Immune Boosting Chicken and Rice Soup

It’s raining and cool today so I decided to modify a recipe I found and get ready for fall with some healthy, delicious soup! I took advantage of our local farmer’s market and picked up a bunch of kale and a large leek. Most of the other items I had on hand so this was a fairly inexpensive soup and it made about 5 quarts!

2-3 tbsp olive oil
2 pounds chicken, deboned and skin removed, cut into small cubes
10 cups chicken broth
8 cups kale
3 large carrots, finely chopped or sliced
1 medium leek, white and light green parts thinly sliced
1 lemon thinly sliced or peel removed and cut into small cubes
1/3 cup lemon juice
1 tbsp lemon pepper seasoning
4 cups cooked rice

Coat chicken in olive oil and lemon pepper seasoning and cook in a large pan on stovetop over medium heat until cooked through.
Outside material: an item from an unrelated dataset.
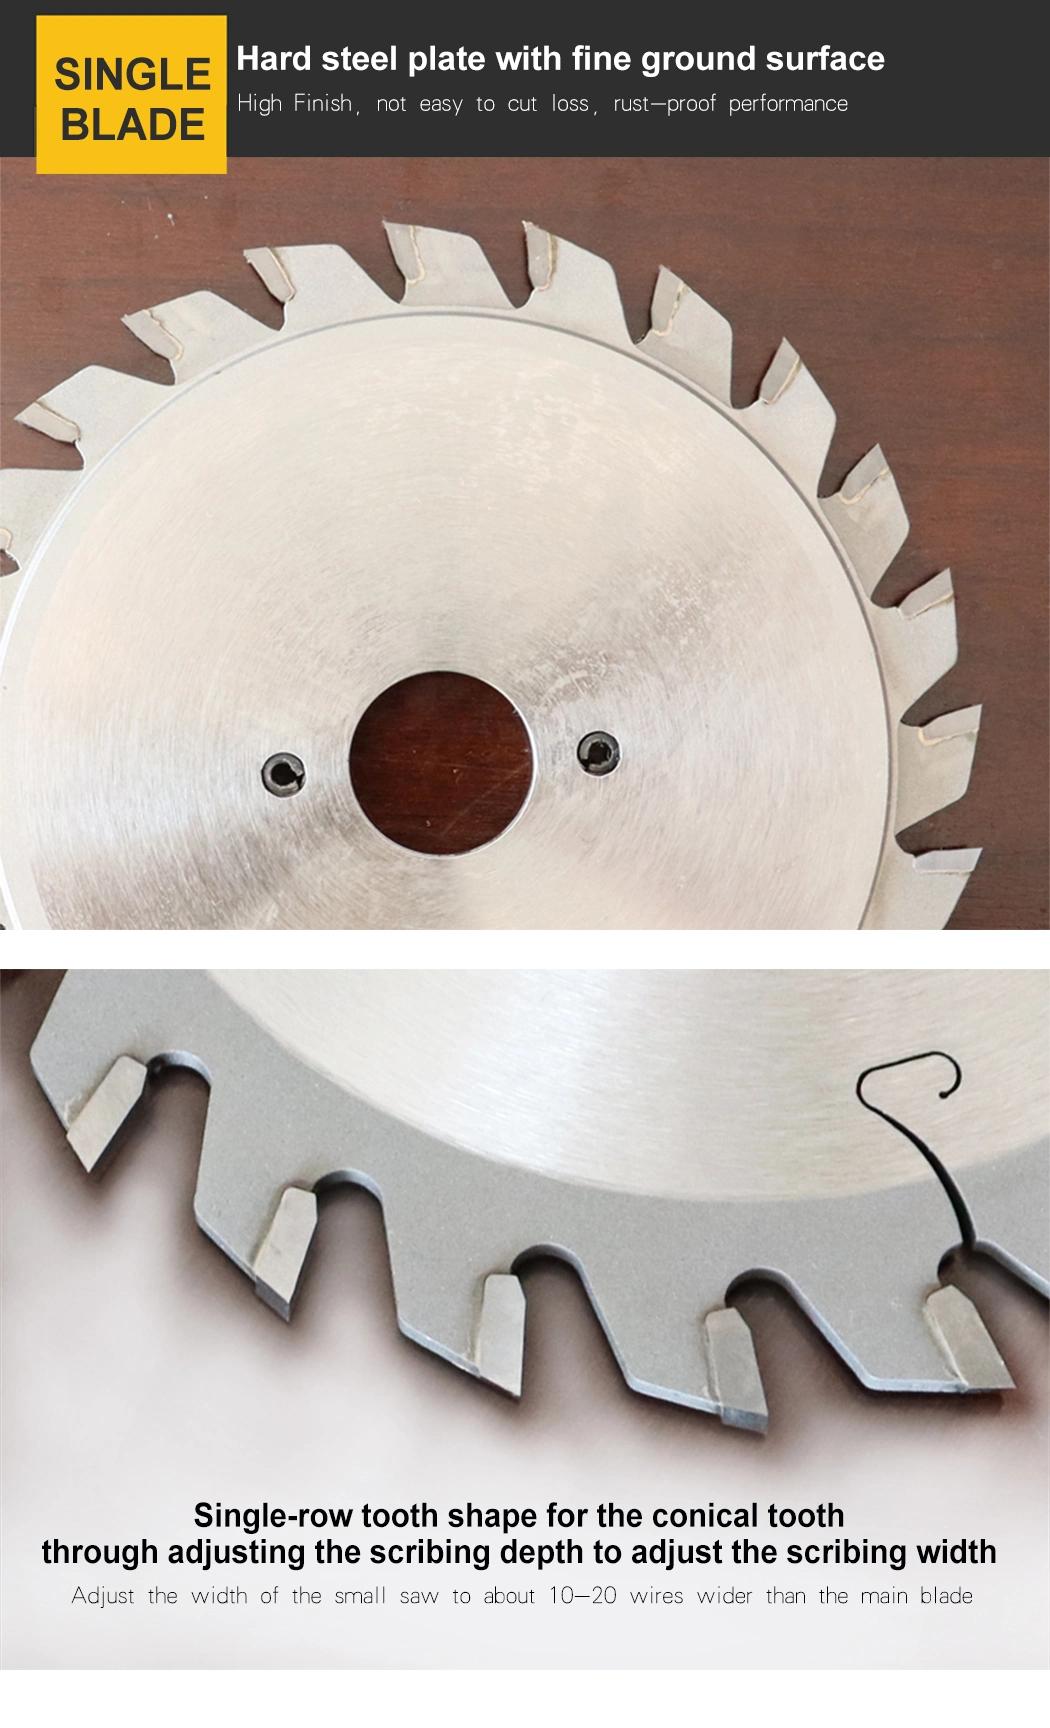 Tct Carbide Alloy Wood Cutting Circular Saw Blade for Woodworking 300 96t

In a 6 qt pot combine a bit of olive oil, carrots, and leeks and cook over medium heat until carrots become slightly tender.
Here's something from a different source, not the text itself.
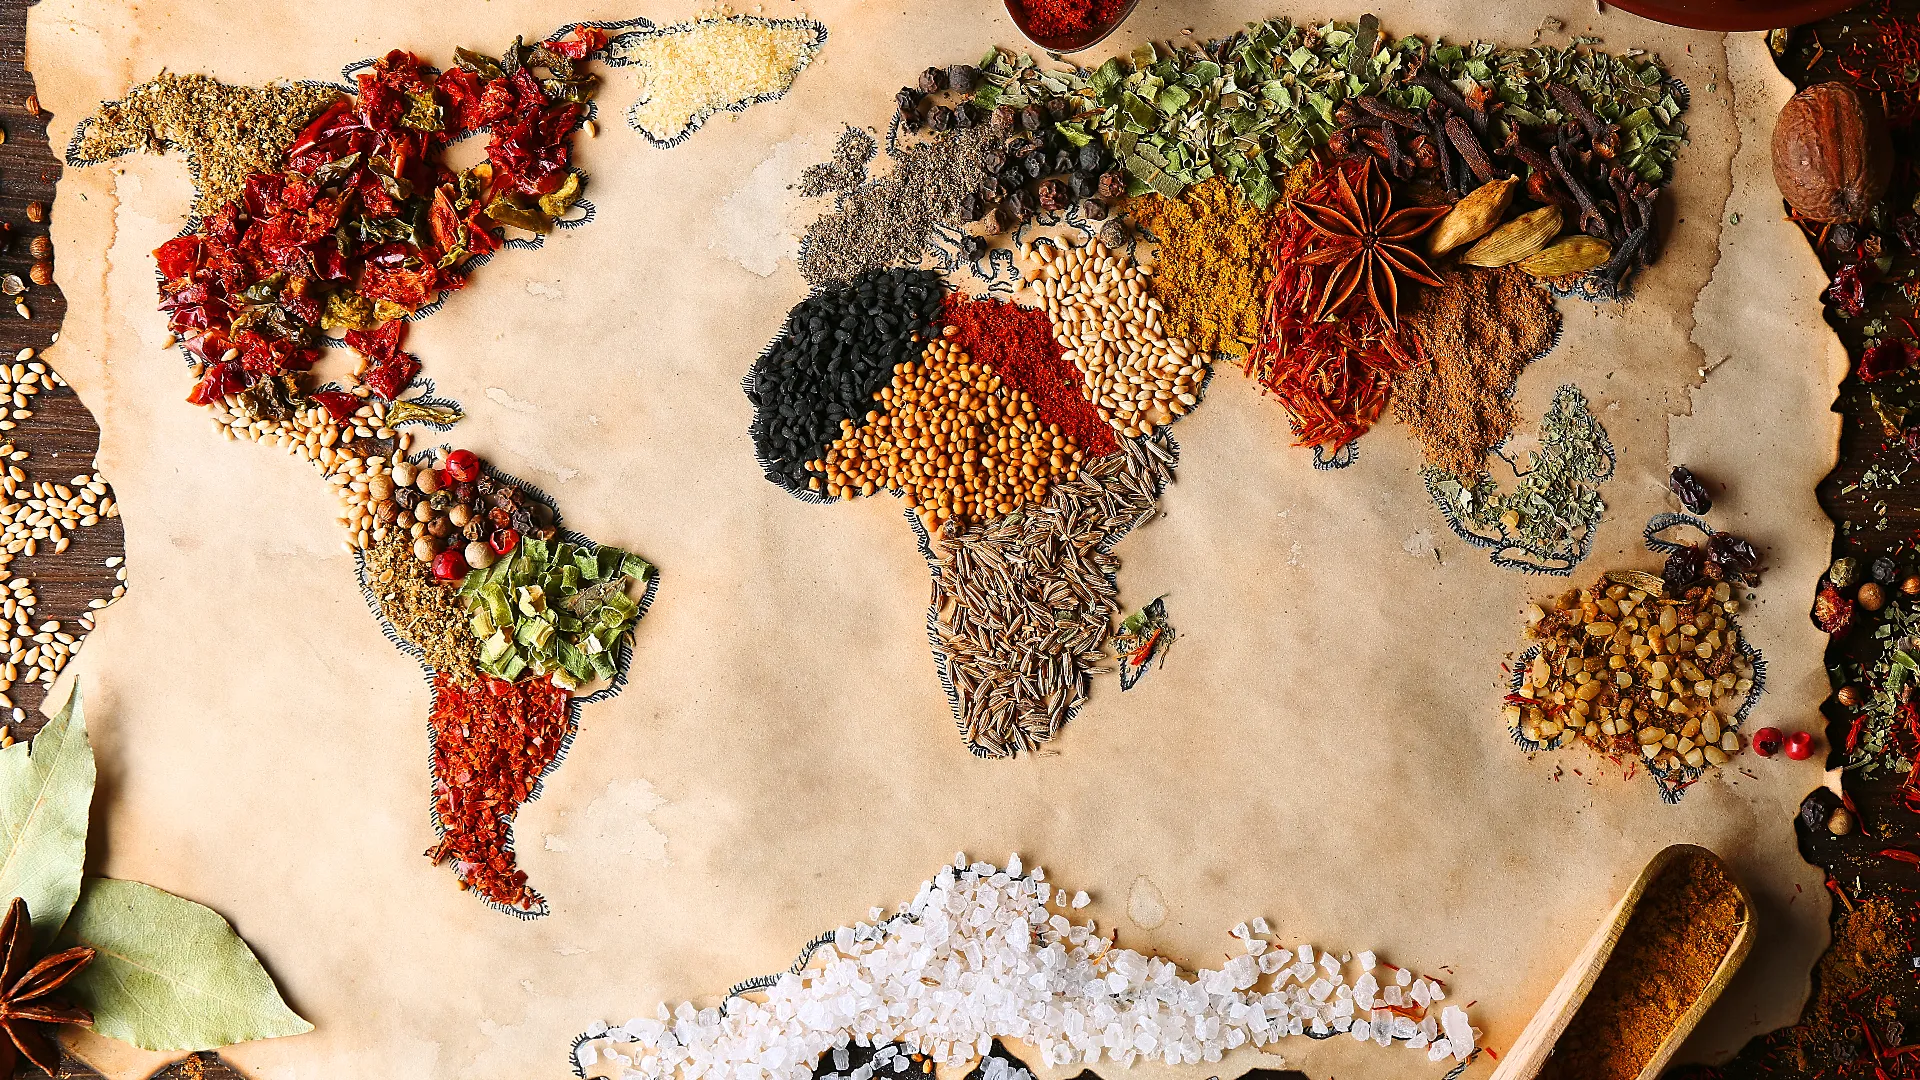 World Map made up of foods from the regions they belong to

Add in chicken to the carrot mixture and stir well. Slowly add in chicken broth and lemon juice. Bring to a boil. Lower heat and add in lemon slices and kale. Simmer until veggies are tender, about 20 minutes. Add in rice and heat through.

For extra lemon flavor use and additional 1/2 cup of lemon juice when cooking the rice. For a bit of a kick add in more black pepper to taste.